All in all, it was the kind of safe route only Tiny Tim could scrum up.
I lost track of the hours. My SmartBand had only stubbly service, and started squeezing me every few minutes. Probably it needed a battery swap—but I couldn’t help but think it was losing clock too. But at some point we came on a crude set of bunk beds, minus the bedding, and Tiny Tim suggested we screw down for the night. If it was night.
“A little down the road, and things get busy,” he said. “Best to have both eyes open and your wits about you.”
I wasn’t hooked on the idea of staying underground longer than we had to, but I knew he was right. Besides, Sammy had run herself thin on batteries trying to light the way, and needed to switch packs.
I took a seat on one of the splintered bunks. Setting my rucksack next to me, I saw a hole where a bullet had passed clean through the nylon. The shell was clinging like a tiny silver bug to the leather-bound hide of the book Billy Lou Ropes had given me years ago. The thing had saved my life.
“You’re finally reading the Bible, then.” Tiny Tim toggled his chin toward the book and worked a finger in his nostril to clear it. “I figged you’d a’ known about the Underground yourself. That’s the reason I never said squirrel or bones about it. The Man used these tunnels all the time, to get back and forth to wherever the winds was blowing him.”
I settled down, using my backpack as a pillow and my windbreaker for a blanket. The air was humid and it was cold. I was homesick—really sick, like missing Crunch 407 was a feeling curdling my guts. I missed my shoebox and my cot with its regulation sheets and the tissue-thin walls and the shower slicked with soap scum and even the Pervert, whose real name no one bothered with, blazing his junk in a too-small towel. I missed red-dust dawns and the river’s shimmering chemical glow and the smell of baking shiver. I missed the warren of streets in Low Hill, even the Crunchtown Crunk© rattling our brains at six every morning.
I missed Jared and Annalee, especially, and knowing they knew I wasn’t a terrorist, that I wasn’t anybody at all.
I missed being a nobody.
I wished, more than anything, I could ask my mom for advice. For a split second, I could almost understand why Mark C. Burnham had done what he’d done, all those years ago during the last presidency—why he’d been willing to break the back of the whole known world just to keep Whitney Heller from disappearing.
But then—with a sudden sizzle of clarity—I realized my mom wasn’t totally gone.
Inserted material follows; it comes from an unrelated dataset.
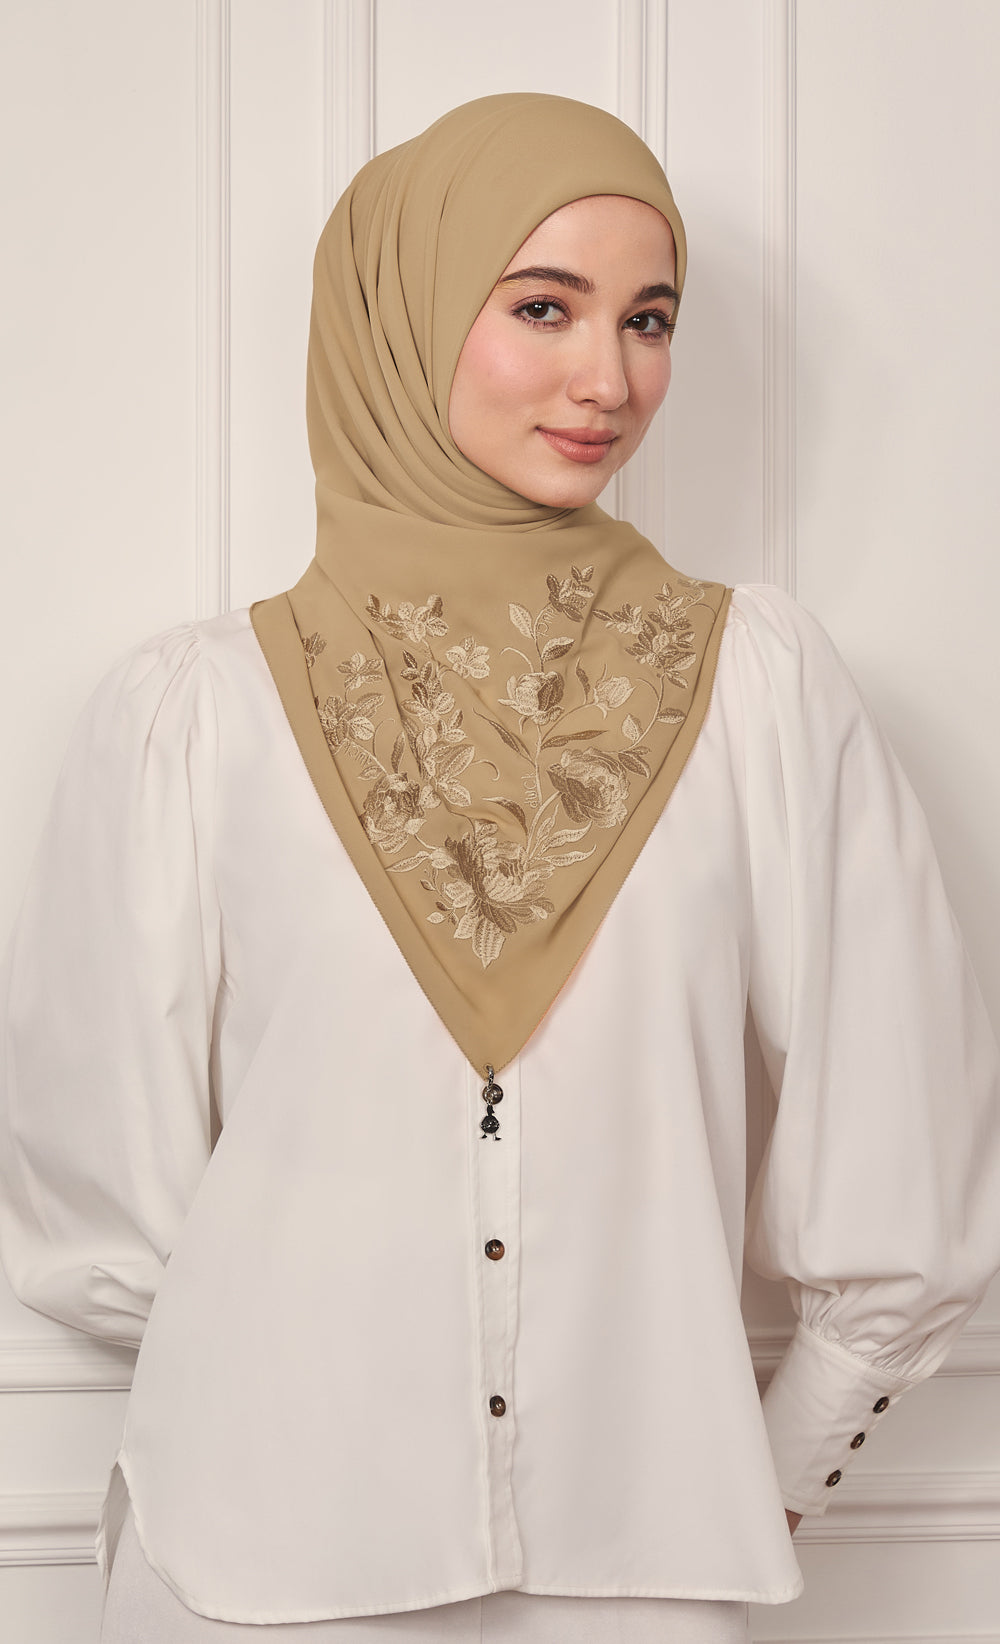 The Peonies Embroidery dUCk Square Scarf in Sand

At least, not all the way.
* * *
As soon as Tiny Tim and Barnaby bedded down and Sammy switched into sleep mode, I powered on my visor: 19 percent battery, and no telling how long it would be before I would get juice.
Already, I was getting the shakes.1
Even the Underground was wired with the Yellow Brick Road. I navigated right away to the Information Palace and the searchbot, Patch. The system had been upgraded for high speed, so I didn’t have to wait behind a logjam of other users.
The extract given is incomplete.